Handling Stop Reasons
Understanding why Claude stopped generating is crucial for building robust applications. The stop_reason field in the response can have these values:
| stop_reason | Meaning |
|---|---|
"end_turn" | Claude finished naturally |
"max_tokens" | Response reached the token limit |
"stop_sequence" | A custom stop sequence was encountered |
"tool_use" | Claude wants to call a tool |
Example: Handling max_tokens
message = client.messages.create(
model="claude-opus-4-7",
max_tokens=50,
messages=[
{"role": "user", "content": "Write a 1000-word essay on AI safety."}
]
)
if message.stop_reason == "max_tokens":
print("Response was truncated. Consider increasing max_tokens or continuing the conversation.")
Streaming Responses
For real-time applications, you can stream responses token by token:
import anthropic
client = anthropic.Anthropic()
with client.messages.stream(
model="claude-opus-4-7",
max_tokens=1024,
messages=[
{"role": "user", "content": "Tell me a story about a brave robot."}
]
) as stream:
for text in stream.text_stream:
print(text, end="", flush=True)
Streaming is ideal for chat interfaces where you want to show responses as they're generated.
Conclusion
The Messages API is the foundation for building with Claude. By mastering basic requests, multi-turn conversations, prefill techniques, and vision capabilities, you can create powerful AI applications tailored to your specific needs.

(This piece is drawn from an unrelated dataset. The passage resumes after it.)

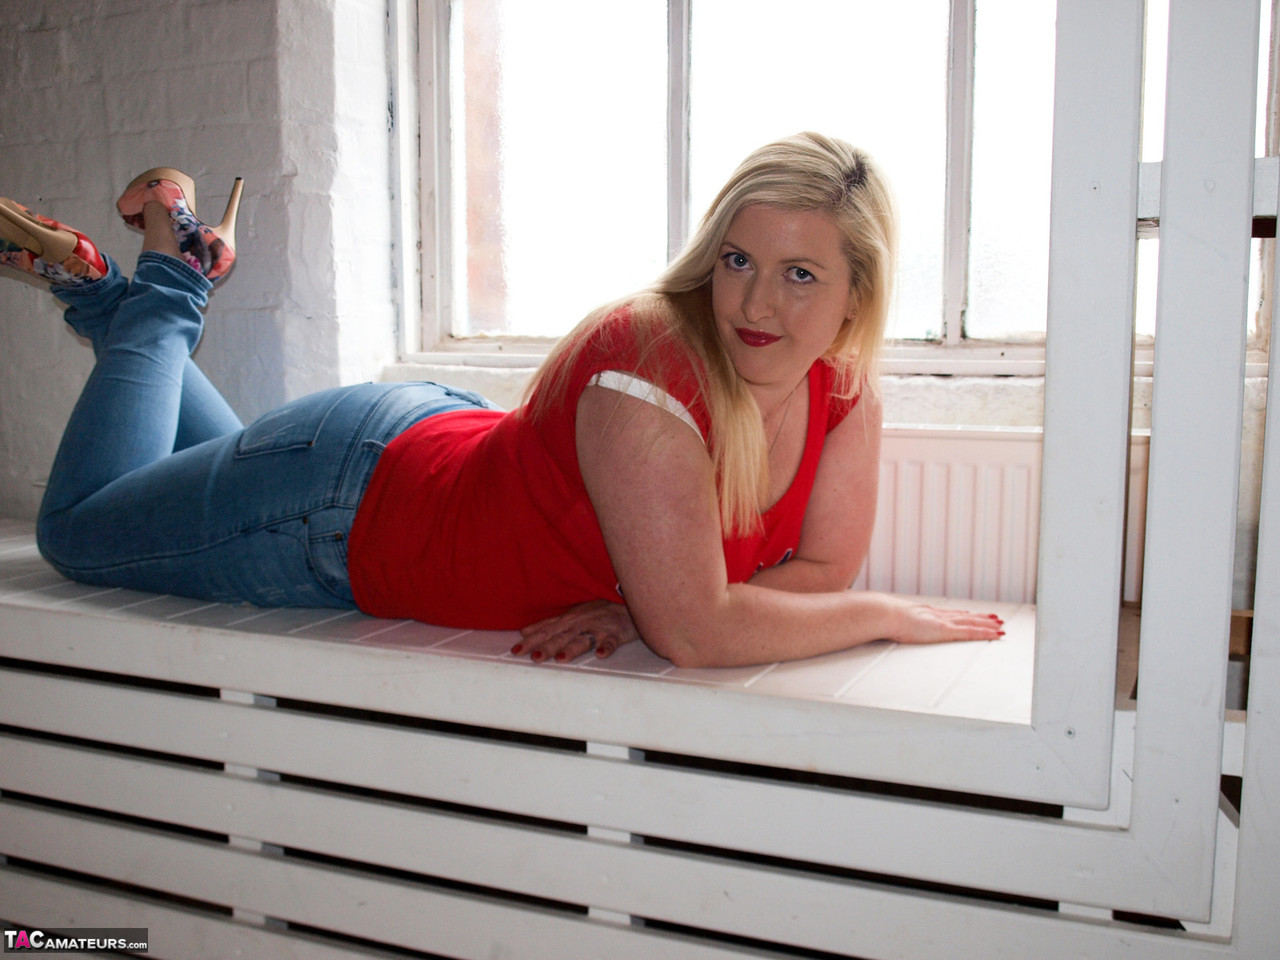 Blonde amateur Samantha exposes her thick body near a window 色情照片 #427406662 | TAC Amateurs Pics, Samantha, Jeans, 手机色情

Remember these key points:
- Always send the full conversation history (stateless design)
- Use prefill to shape responses, but check model compatibility
- Handle stop reasons to manage conversation flow
- Stream responses for better user experience
- Leverage vision for multimodal applications
Key Takeaways
- The Messages API is stateless: You must send the full conversation history with each request, giving you complete control over context.
- Prefill shapes responses: By providing the beginning of Claude's response, you can enforce formats like multiple-choice answers, but this technique isn't supported on all models.
- Vision enables multimodal AI: Claude can analyze images (JPEG, PNG, GIF, WebP) sent via the API, opening up document analysis and visual Q&A use cases.
- Streaming improves UX: Use the streaming API for real-time token-by-token responses in chat interfaces.
- Handle stop reasons: Always check
stop_reasonto determine if a response was truncated or if Claude needs to use a tool.